The Pentagon is working with artificial intelligence to harness computers to autonomously hunt for Isis militants in Iraq and Syria.
The US Department of Defense (DoD) is developing neural networks to analyse thousands of hours' worth of aerial surveillance video footage from military drones. At the moment, 95% of all military drone video footage is shot by aircraft flying over Iraq and Syria as part of the campaign against the Islamic State.
Neural networks are large networks of artificially intelligent classical computers that are trained using computer algorithms to solve complex problems in a similar way to the human central nervous system, whereby different layers examine different parts of the problem and combine to produce an answer.
In the last two years, computer scientists have demonstrated that neural networks can process images to produce surprising results, such as psychedelic paintings and amazing selfie filters, or use the images to learn to recognise and detect patterns, such as recognising blurred faces from photographs, or predicting social unrest several days in advance. However, it is still difficult to teach computers to think like a human, and research continues.

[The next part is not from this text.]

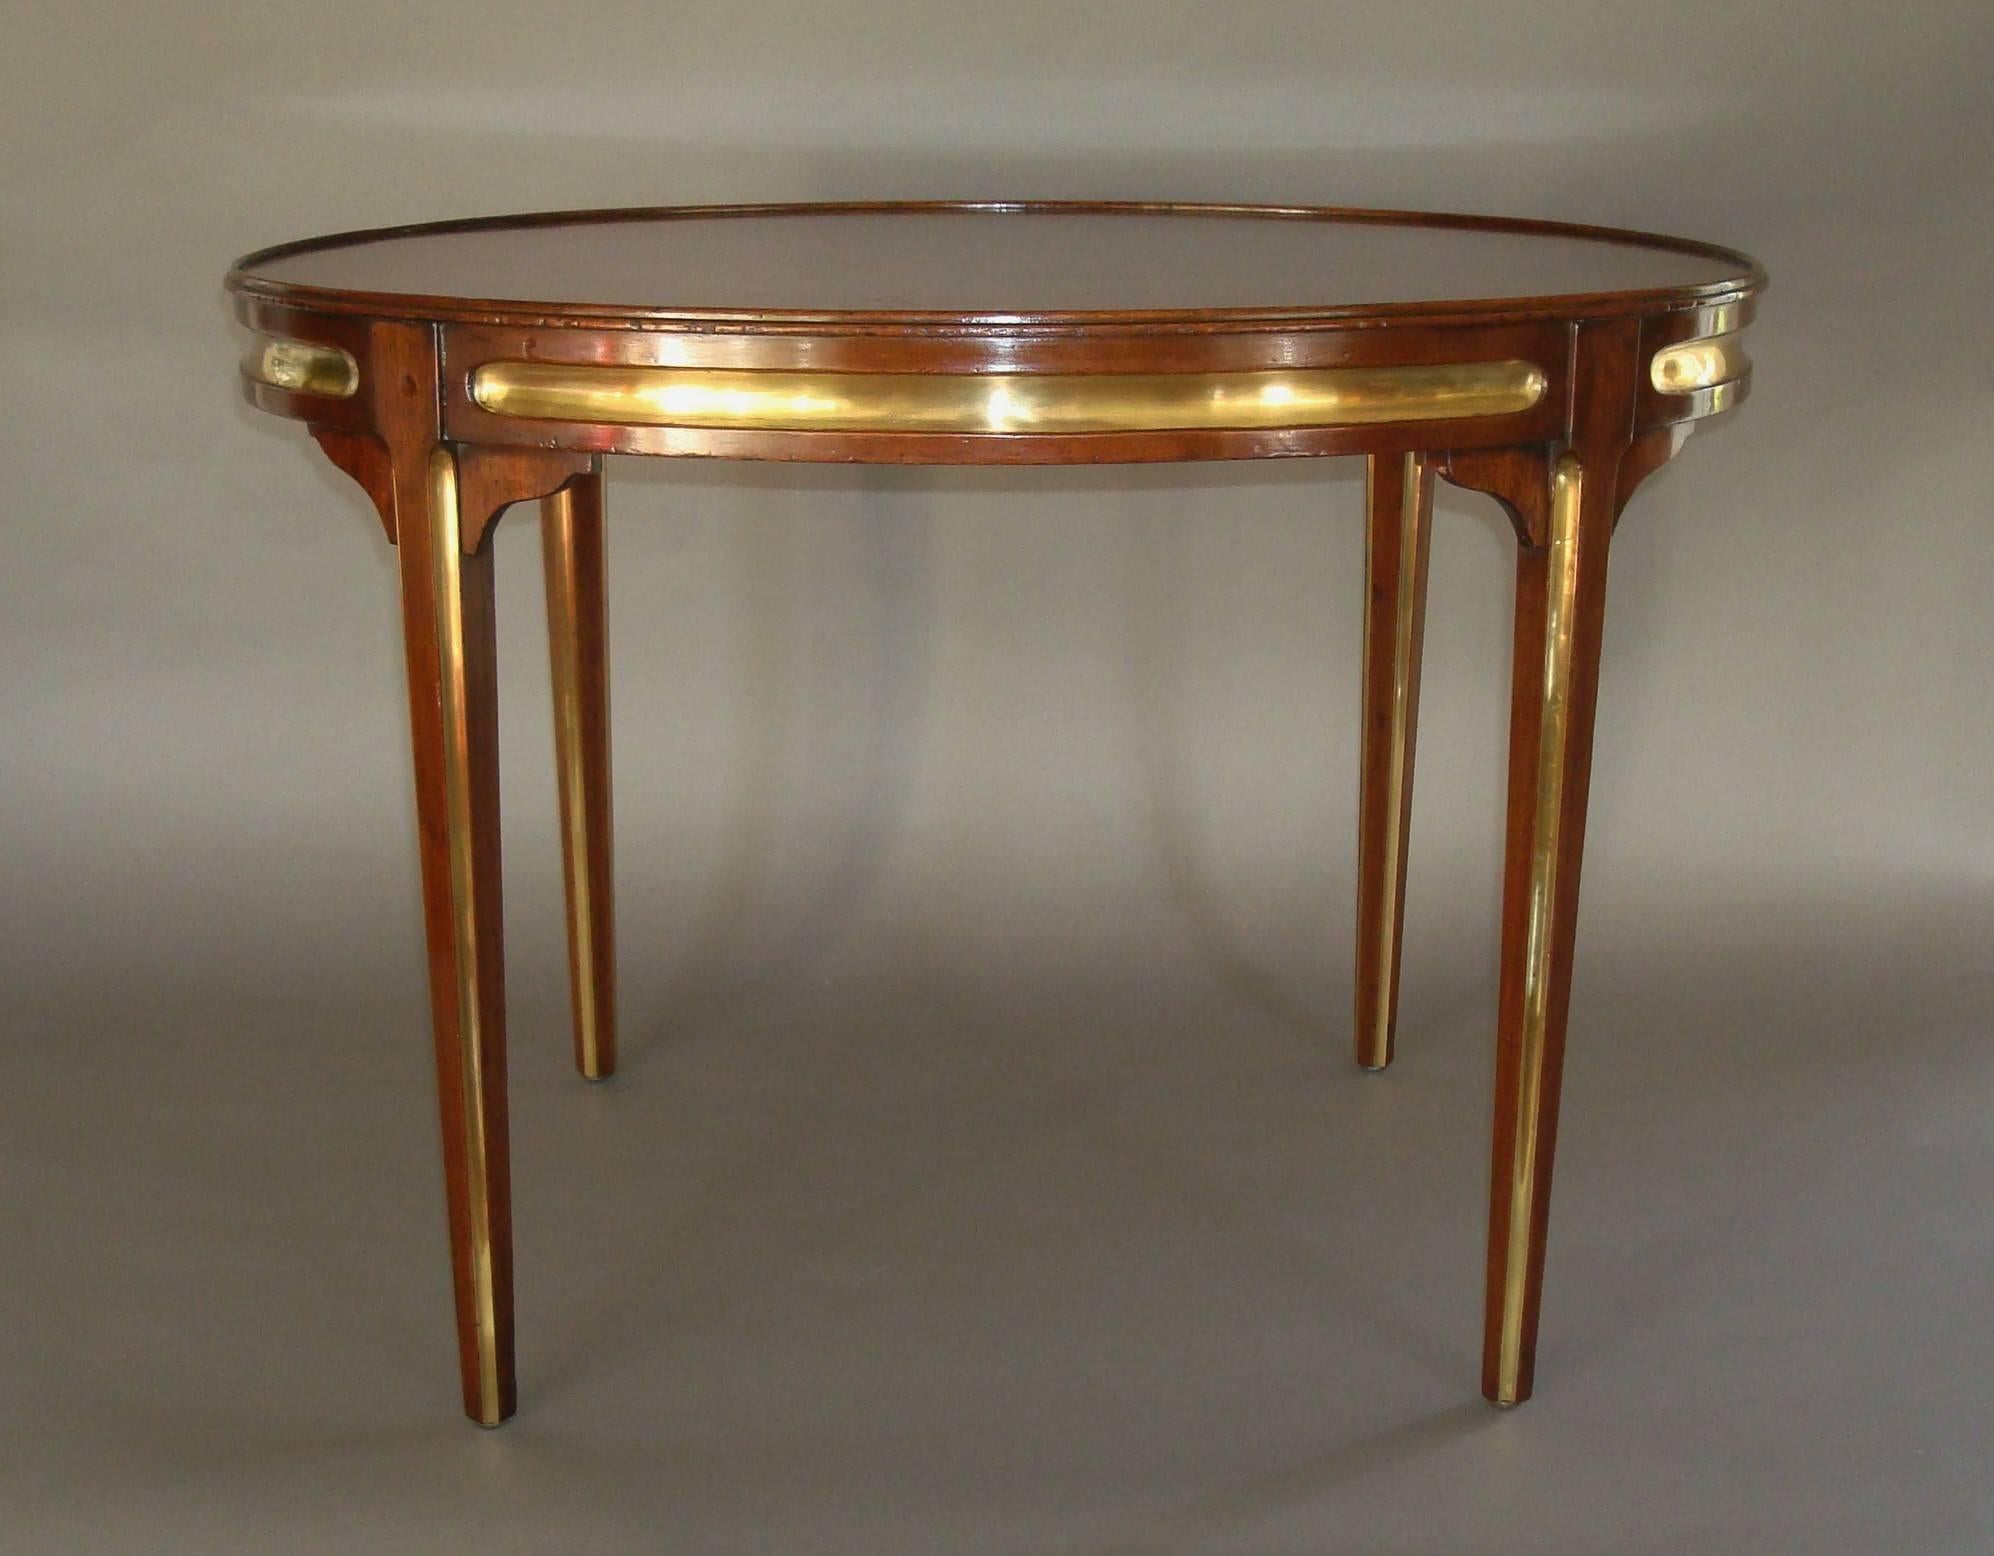 Early 20th century oval mahogany and brass low occasional table, the oval mahogany top with a thin raised moulded edge above a shallow frieze with fluted brass panels around; the square tapering legs headed with scrolled corner brackets and tapering

Humans can't keep up with the amount of drone footage
The military already has thousands of internal and external civilian intelligence analysts that work in three-man teams to scan the drone video footage for abnormal activities, but they are overwhelmed and desperately need help from machines.
"There are a thousand things we want to do with artificial intelligence, machine learning, deep learning, computer vision, but everybody has cautioned us, don't take on too much the first time you do this," the Pentagon's director for defense intelligence for warfighter support Air Force Lt Gen John N T "Jack" Shanahan told Defense One.
"You have to go after a manageable problem, solve it, show early wins and then start to open Pandora's box and go after all of these other challenges across the department."
About 60% of the footage gathered over the battlefield in these countries is benign, but there is also a possibility that some terrorist activity is being masked by clouds during bad weather conditions, so the military wants machine learning that can process the videos to see what else might be going on.
Congress still needs to approve funding
Shanahan is the head of the Algorithmic Warfare Cross Functional Team – a new team set up by the Pentagon to integrate big data and machine learning across the armed forces. So far, there have been efforts to implement computer algorithms, but now the DoD wants a unified approach deployed by the end of this year.
Since 2015, the Pentagon has been working on another similar project that aims to use AI to track and locate mobile missile launchers, like the ones that are used by North Korea. However, the computers need to analyse satellite imagery, which is much less data than military drone footage.
Before the new unit can get off the ground however, the DoD needs Congress to approve $70m (£54.2m) in funds, so that it can invest in the equipment and computer scientists needed to develop the neural networks.